We mounted these two gauges in a custom center stack panel, which Brad made in cardboard and the guys CNC cut on the plasma table. We added 3 switches, a double USB port, CarTek switch, and a low fuel light indicator at the same time.



For the "real" oil pressure sensor that goes to the Link ECU (and uses this Haltech 0-150 psi sensor) we needed to thread into the block near the P2R oil filter bypass plate. That hole in the block was made for a Honda sensor with an M10-1.25 O-Ring Boss (ORB) end. We couldn't find an aftermarket sensor with that end, so we did what tuners tend to like, we remote mounted the good pressure sensor. A short run of -4 AN hose allowed us to adapt from an M10-1.25 ORB fitting to the -4 AN on the block side, and -4 AN to 1/8" NPT on the sensor side. The sensor is secured to a bracket with a cushioned P-clamp, and that is the most accurate data you can hope for.

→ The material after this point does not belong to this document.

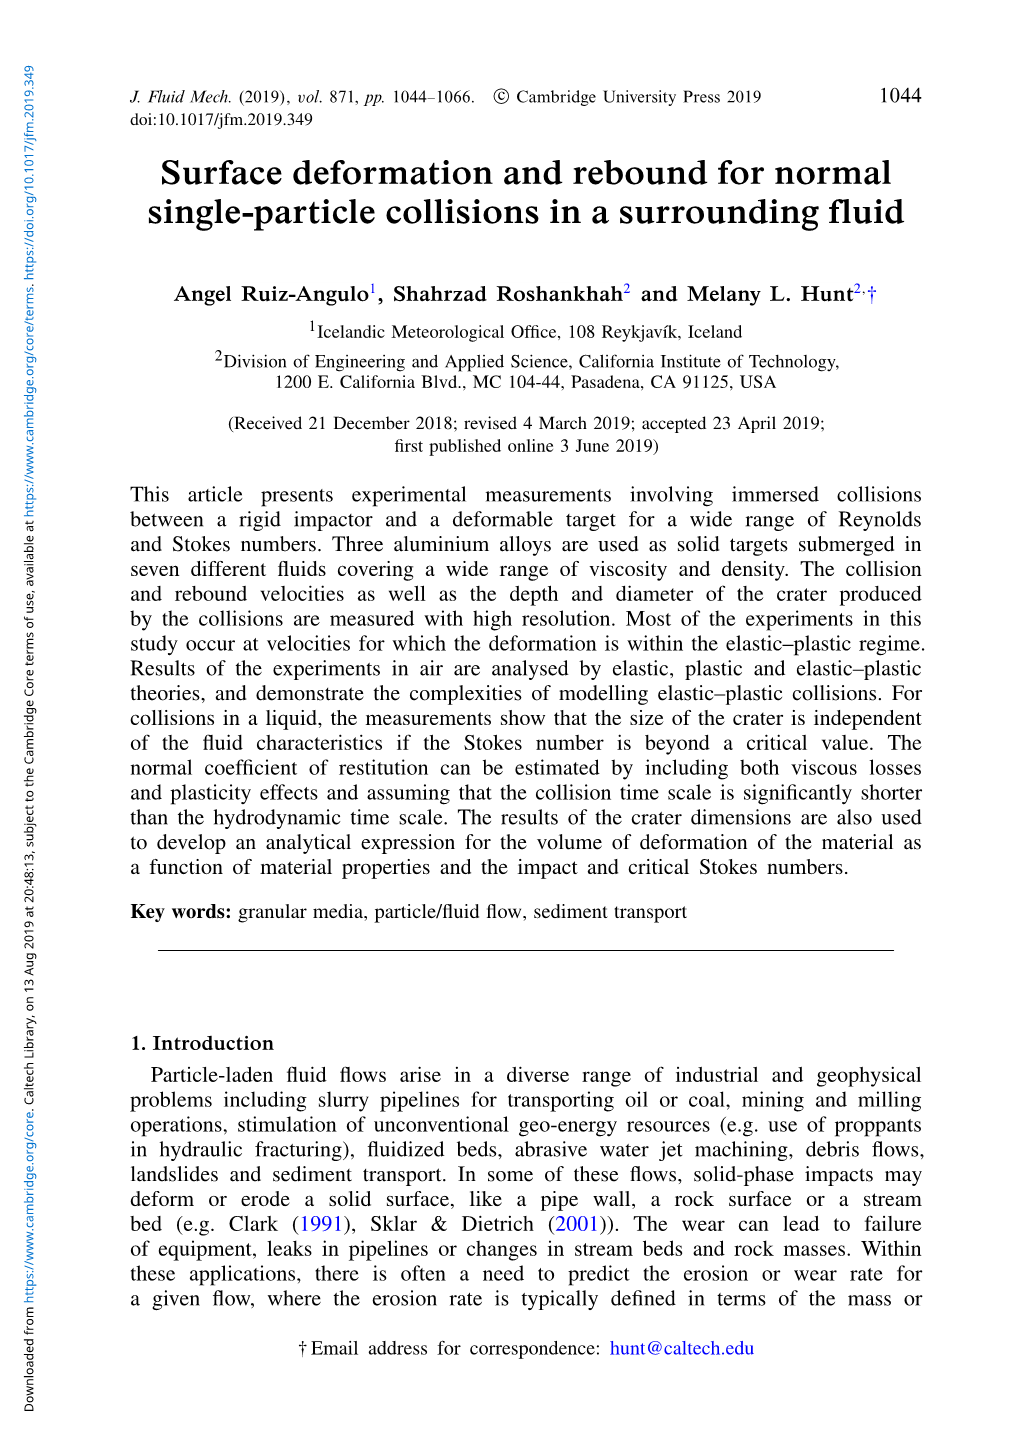 Surface Deformation and Rebound for Normal Single-Particle Collisions in a Surrounding ﬂuid

George from Link had sent the list of sensors to the remote tuner we had lined up, and he wanted to see fuel pressure via sensor instead of the little manual gauge we had mounted to the regulator (which always has an 1/8" NPT port for this sort of thing). We ordered another 0-150 psi sensor (Link sourced) and that was added in place of the gauge, and that meant we were pretty close to starting this engine!

LIFELINE FIRE SYSTEM

Every car we build lately gets a full fire suppression system + small handheld Halon style fire bottle (for small grass fires). We deal almost exclusively with Lifeline Fire and Safety for these systems + racing harnesses. A gaggle of parts arrived March 25th that included one 6-point Copse Apex 6-point 2" harness, a Lifeline Zero 2020 FIA 3.0ltr Aqueous Foam fire suppression system. I added two tow straps to the order for this car, too.



The typical fire suppression kit comes with both a 6' and a 12' fire pull cables, but we always order an extra 12' cable if we mount the fire bottle in the trunk. That lets us have the pulls on both sides of the dash, as shown above in the Car Tek section.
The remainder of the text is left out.